2. If they start out with, "How are you today?" say, "I'm so glad you asked, because no one these days seems to care, and I have all these problems. My arthritis is acting up, my eyelashes are sore, my dog just died . . . "

3. If they say they're John Doe from XYZ Company, ask them to spell their name. Then ask them to spell the company name. Then ask them where it is located, how long it has been in business, how many people work there, how they got into this line of work if they are married, how many kids they have, etc. Continue asking them personal questions or questions about their company for as long as necessary.

4. This works great if you are male. Telemarketer: "Hi, my name is Judy and I'm with XYZ Company. " You: Wait for a second and with a real husky voice ask, "What are you wearing?"

5. Cry out in surprise, "Judy? Is that you? Oh my God! Judy, how have you been?" Hopefully, this will give Judy a few brief moments of terror as she tries to figure out where she could know you from.

6. Say "No" over and over. Be sure to vary the sound of each one, and keep a rhythmic tempo, even as they are trying to speak. This is most fun if you can do it until they hang up.

7. If MCI calls trying to get you to sign up for the Family and Friends Plan, reply, in as sinister a voice as you can, "I don't have any friends, would you be my friend?"

8. If the company cleans rugs, respond: "Can you get out blood? Can you get out goat blood? How about human blood?"

9. After the Telemarketer gives his or her spiel, ask him or her to marry you. When they get all flustered, tell them that you can't just give your credit card number to a complete stranger.

10. Tell the Telemarketer that you work for the same company, and they can't sell to employees.

11. Answer the phone. As soon as you realize it is a Telemarketer, set the receiver down, scream, "Oh my God!" and then hang up.

12. Tell the Telemarketer you are busy at the moment and ask him/her if he/she will give you his/her home phone number so you can call him/her back. When the Telemarketer explains that telemarketers cannot give out their home numbers say, "I guess you don't want anyone bothering you at home, right?" The Telemarketer will agree and you say, "Me either!" Hang up.

13. Ask them to repeat everything they say, several times.

14. Tell them it is dinner time, but ask if they would please hold. Put them on your speaker phone while you continue to eat at your leisure. Smack your food loudly and continue with your dinner conversation.

15. Tell the Telemarketer you are on "home incarceration" and ask if they could bring you some beer.

16. Ask them to fax the information to you, and make up a number.

17. Tell the Telemarketer, "Okay, I'll listen to you.

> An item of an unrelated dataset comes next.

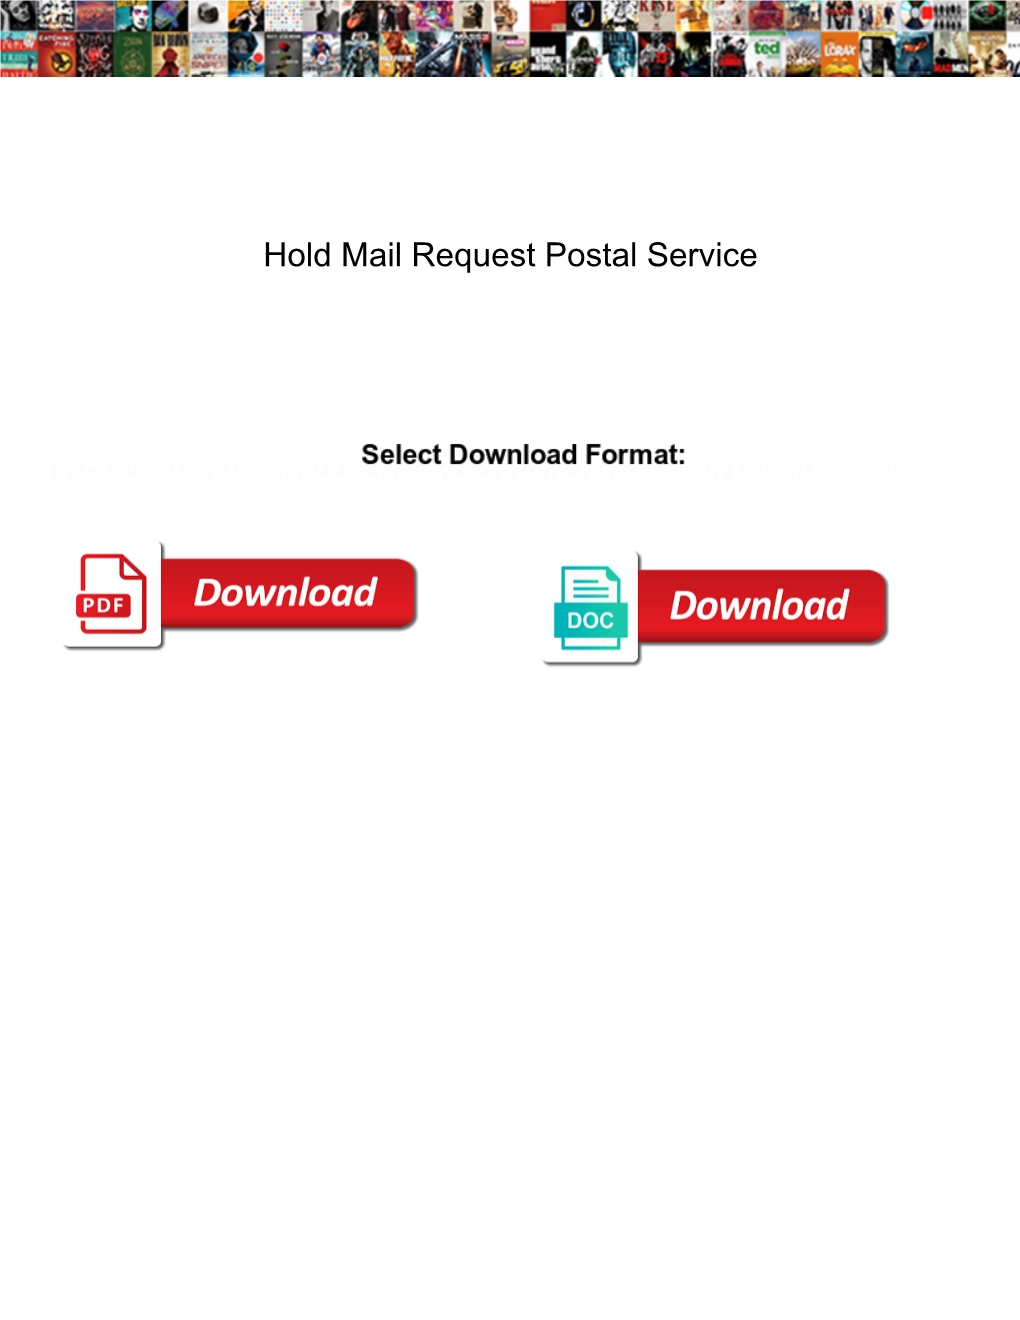 Hold Mail Request Postal Service

But I should probably tell you, I'm not wearing any clothes."

18. Insist that the caller is really your buddy Leon, playing a joke. "Come on, Leon, cut it out! Seriously, Leon, how's your momma?"

19. Tell them you are hard of hearing and that they need to speak up . . . louder . . . louder . . .

20. Tell them to talk very slowly, because you want to write every word down.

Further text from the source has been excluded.